Parsing with operator precedence

Expression such as 2+3*5 (without parentheses) can be parsed by relying on operator precedence, i.e. the fact that we should first evaluate division and multiplication and only then addition and subtraction. We can implement this with two separate stacks (for operators and operands). If we encounter + or - and there is * or \ on the stack, we should push * or / from the operator stack, build a Node with two most recent operands and push the node onto the operand stack and the first operator (+ or -) onto the operator stack.

    @classmethod
    def build(cls, text: str) -> 'Tree':
        operator_stack: List[str] = []
        operand_stack: List[Node] = []
        for char in cls._tokenize(text):
            print(operator_stack, operand_stack)
            if char.isdigit():
                operand_stack.append(Node(symbol=char, left=None, right=None))
            elif char in '+-' and len(operator_stack) > 0 and operator_stack[-1] in '*/':
                right = operand_stack.pop()
                op = operator_stack.pop()
                left = operand_stack.pop()
                operand_stack.append(Node(symbol=op, left=left, right=right))
                operator_stack.append(char)
            else:
                operator_stack.append(char)
        while len(operator_stack) > 0:
            right = operand_stack.pop()
            op = operator_stack.pop()
            left = operand_stack.pop()
            operand_stack.append(Node(symbol=op, left=left, right=right))
        return cls(root=operand_stack.pop())

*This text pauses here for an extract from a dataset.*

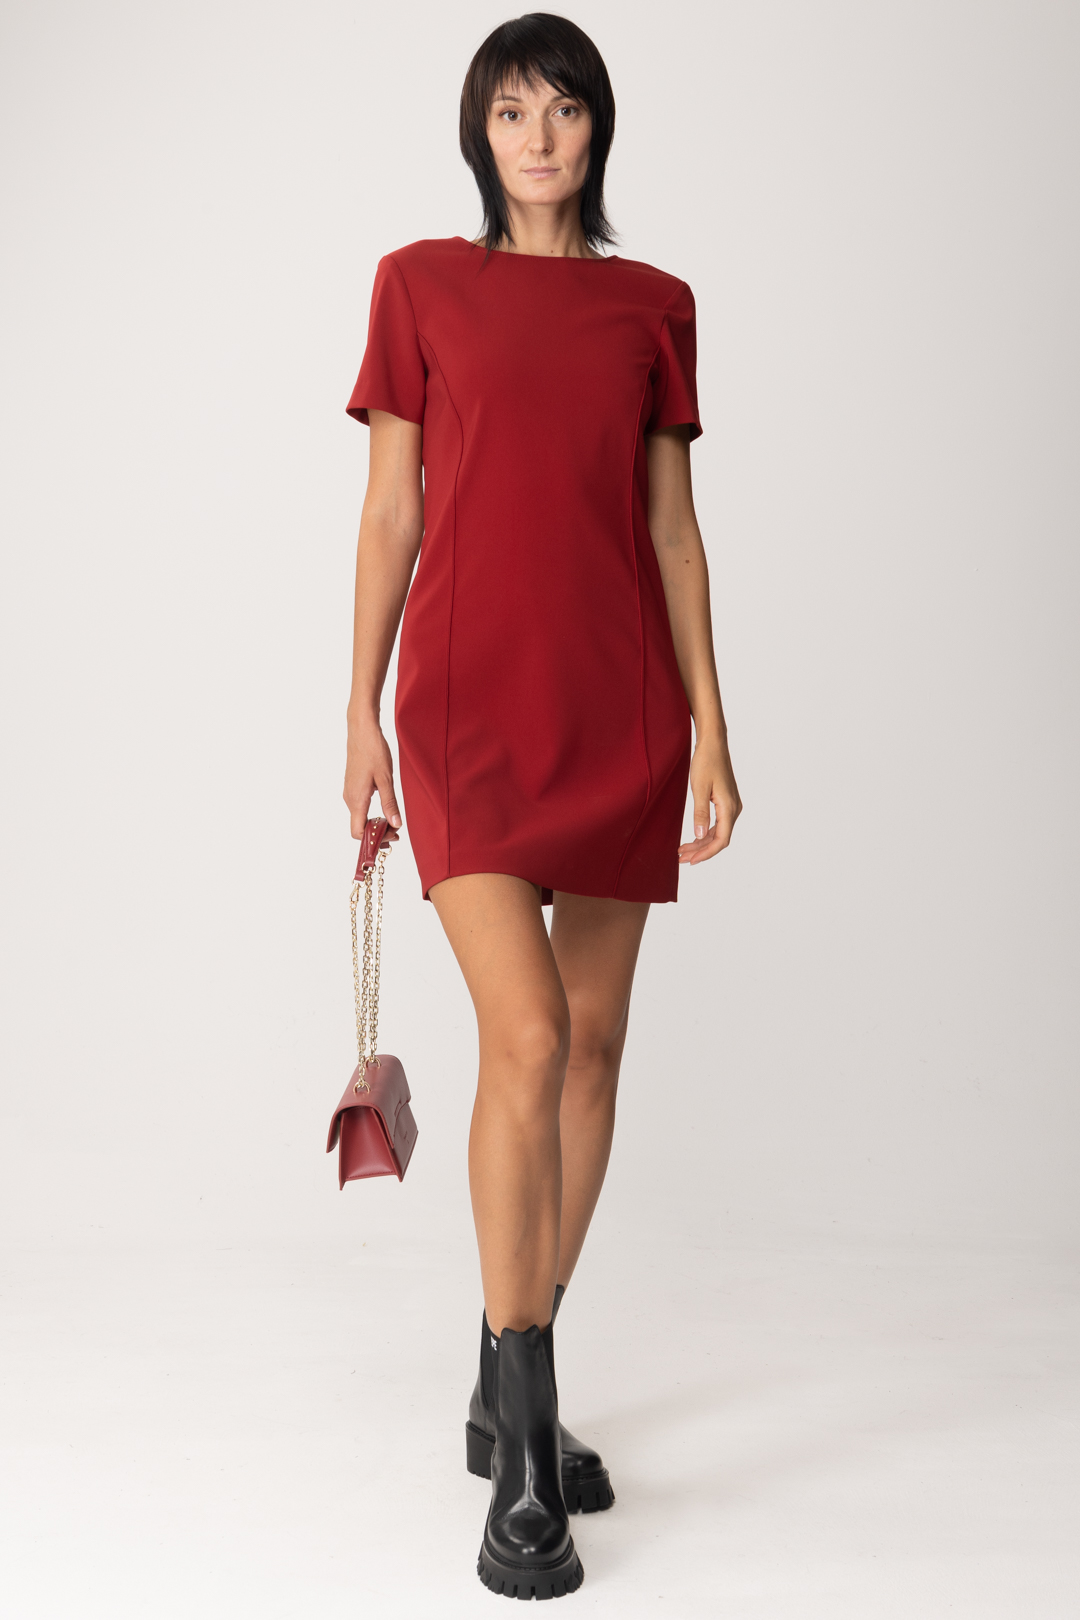 Aperçu: Patrizia Pepe Mini robe avec chaîne et breloque au dos Martian Red

Parsing with both operator precedence and parentheses

Finally, support for both operator precedence and parentheses can be pushing ( onto the operator stack and, upon encountering ), applying all operator from the stack until ) again is on the top of the operator stack (and can be discarded).

    @classmethod
    def build(cls, text: str) -> 'Tree':
        operator_stack: List[str] = []
        operand_stack: List[Node] = []
        for char in cls._tokenize(text):
            print(operator_stack, operand_stack)
            if char.isdigit():
                operand_stack.append(Node(symbol=char, left=None, right=None))
            elif char in '+-' and len(operator_stack) > 0 and operator_stack[-1] in '*/':
                right = operand_stack.pop()
                op = operator_stack.pop()
                left = operand_stack.pop()
                operand_stack.append(Node(symbol=op, left=left, right=right))
                operator_stack.append(char)
            elif char == ')':
                while len(operator_stack) > 0 and operator_stack[-1] != '(':
                    right = operand_stack.pop()
                    op = operator_stack.pop()
                    left = operand_stack.pop()
                    operand_stack.append(Node(symbol=op, left=left, right=right))
                operator_stack.pop()
            else:
                operator_stack.append(char)
        while len(operator_stack) > 0:
            right = operand_stack.pop()
            op = operator_stack.pop()
            left = operand_stack.pop()
            operand_stack.append(Node(symbol=op, left=left, right=right))
        return cls(root=operand_stack.pop())

It works as expected:

tree = Tree.build('(2+3)*2+7*3')  
assert tree.evaluate() == 31

The final code snippet is essentially Dijkstra’s shunting-yard algorithm.

One final remark: parsing and evaluating can be done in one gone, without building a whole expression tree. You could just evaluate an operator and push the result on the stack instead of building a Node and pushing it on the stack.